#### DATA SHOWN
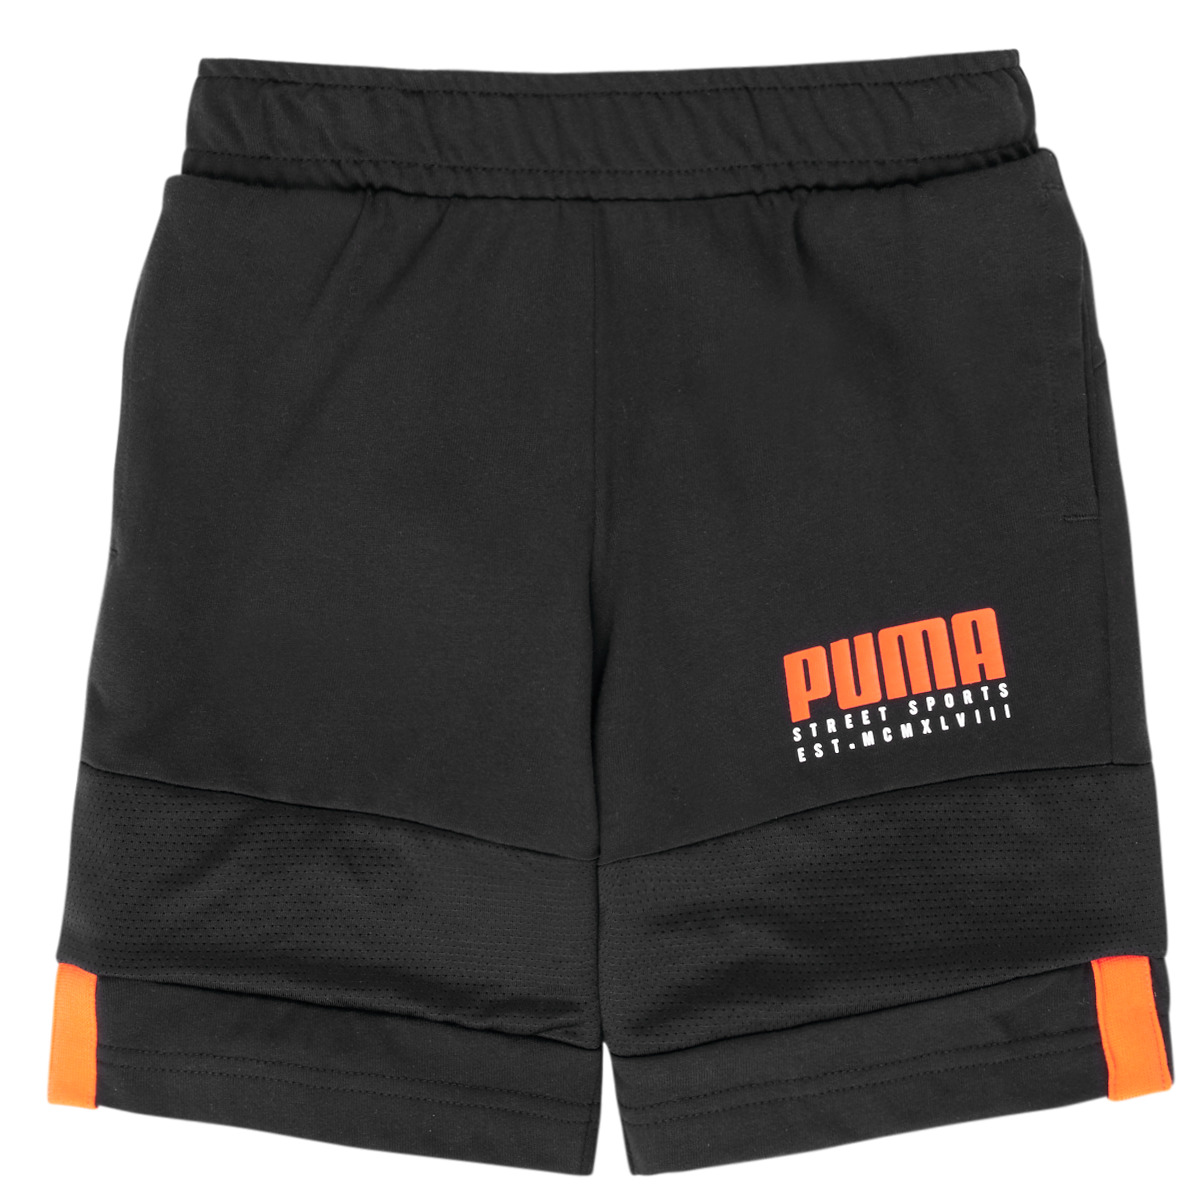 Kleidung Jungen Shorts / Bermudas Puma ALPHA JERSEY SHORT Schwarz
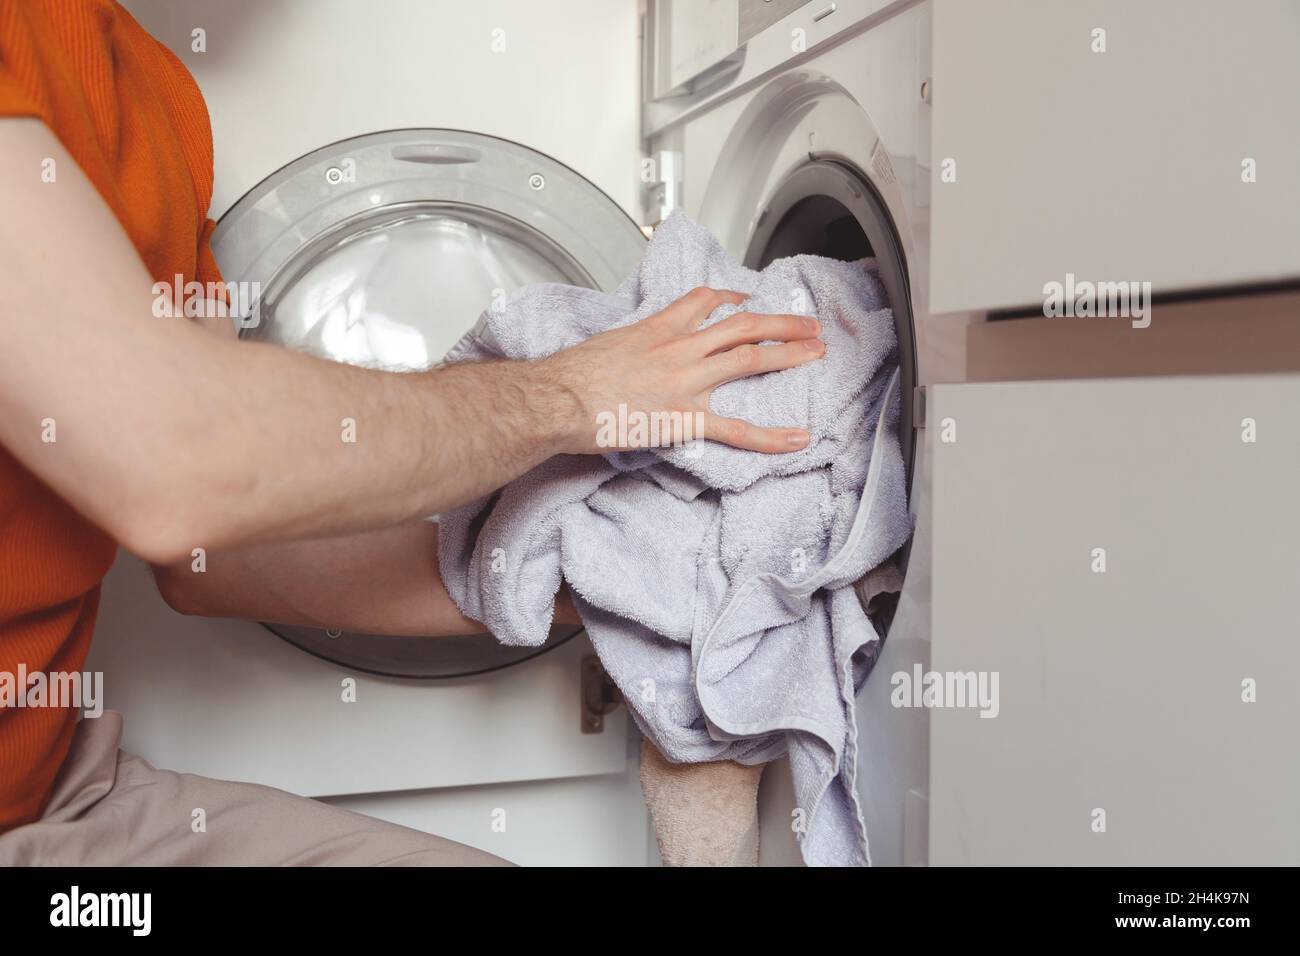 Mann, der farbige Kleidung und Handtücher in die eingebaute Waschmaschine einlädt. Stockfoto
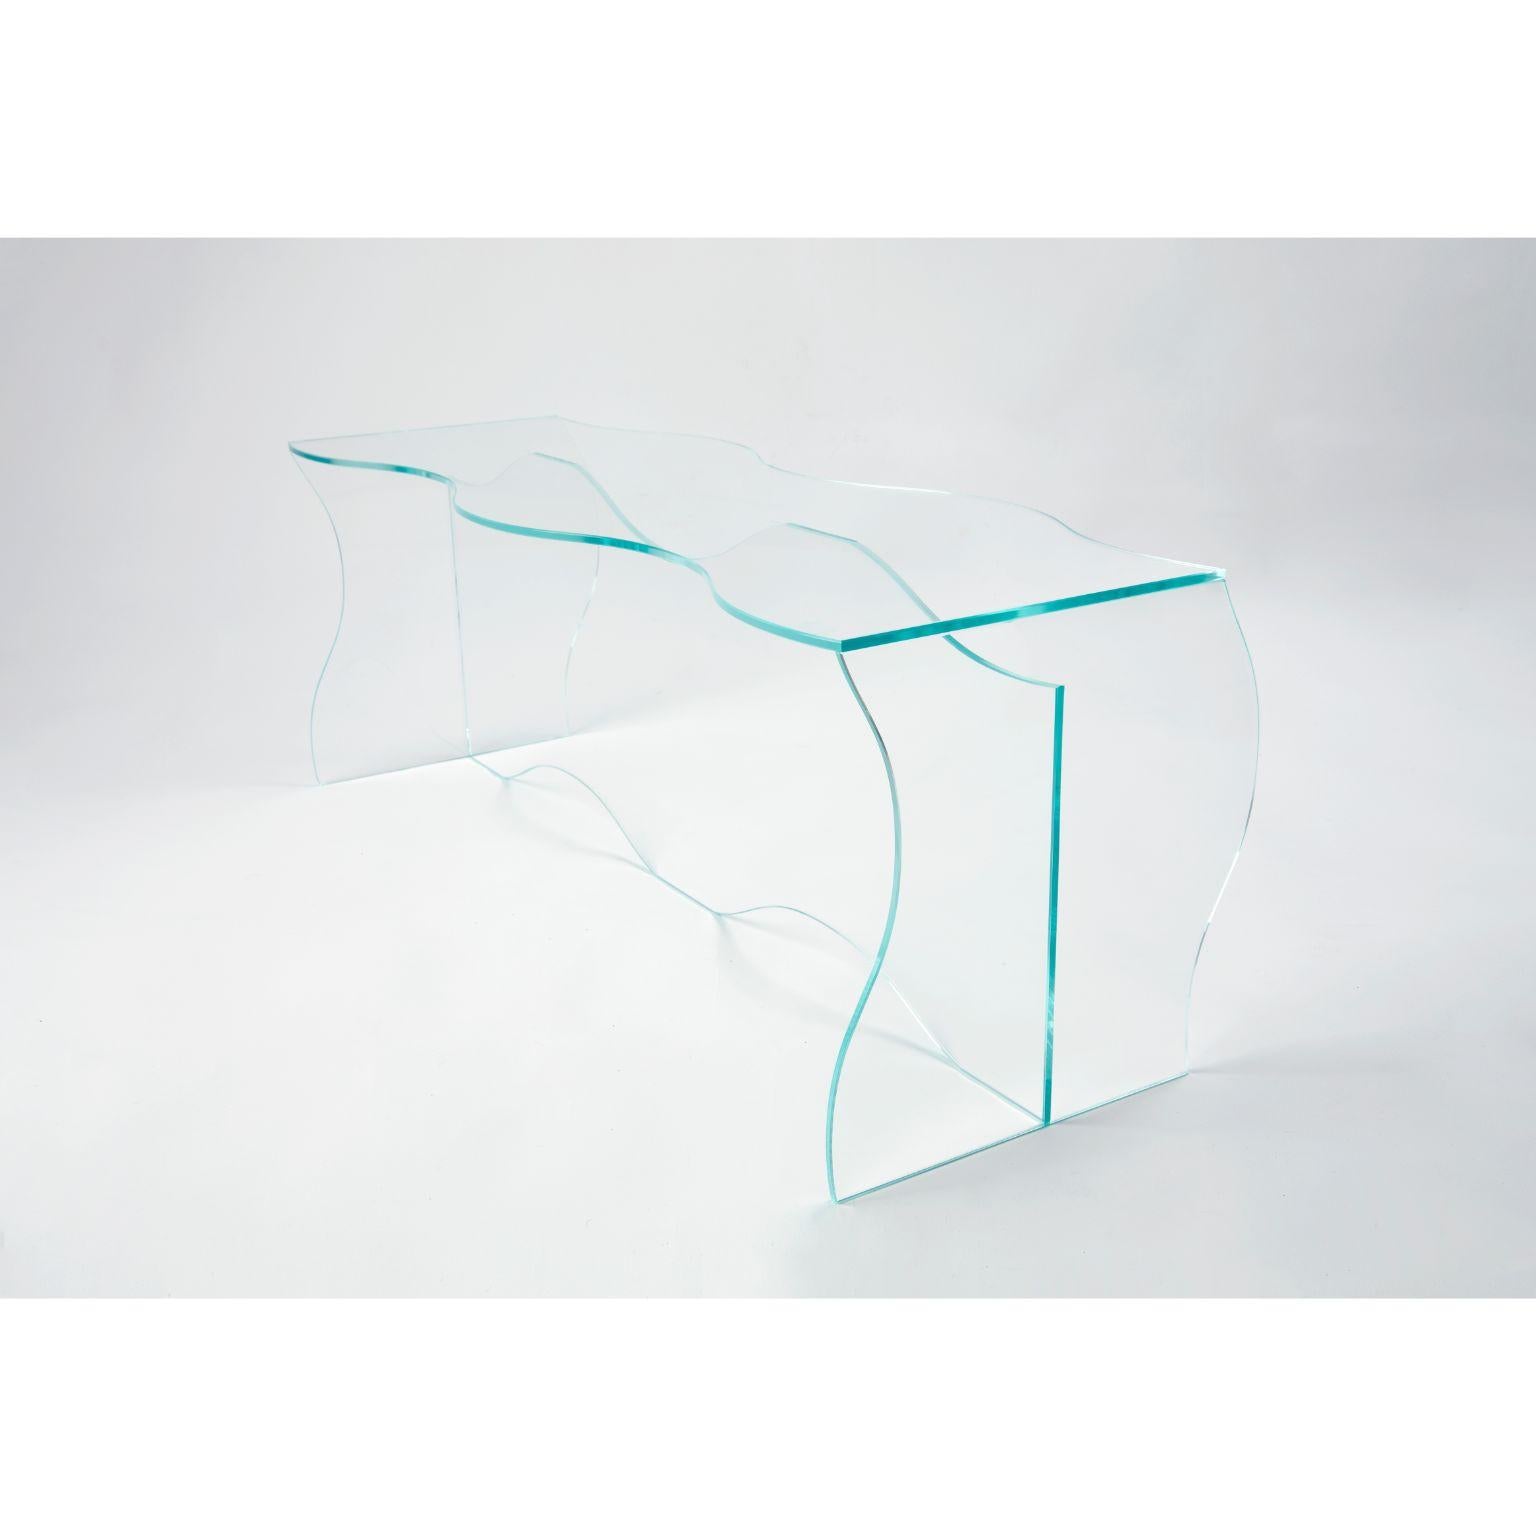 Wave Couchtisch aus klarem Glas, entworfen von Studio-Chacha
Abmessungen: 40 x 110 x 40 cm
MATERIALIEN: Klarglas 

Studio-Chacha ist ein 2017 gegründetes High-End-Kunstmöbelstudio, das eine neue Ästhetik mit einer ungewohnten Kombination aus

#### EXERCISE
Leaving out only the pictures, return the material above unchanged.

#### RESPONSE TO THE TASK
 Kleidung Jungen Shorts / Bermudas Puma ALPHA JERSEY SHORT Schwarz
 Mann, der farbige Kleidung und Handtücher in die eingebaute Waschmaschine einlädt. Stockfoto
 Wave Couchtisch aus klarem Glas, entworfen von Studio-Chacha
Abmessungen: 40 x 110 x 40 cm
MATERIALIEN: Klarglas 

Studio-Chacha ist ein 2017 gegründetes High-End-Kunstmöbelstudio, das eine neue Ästhetik mit einer ungewohnten Kombination aus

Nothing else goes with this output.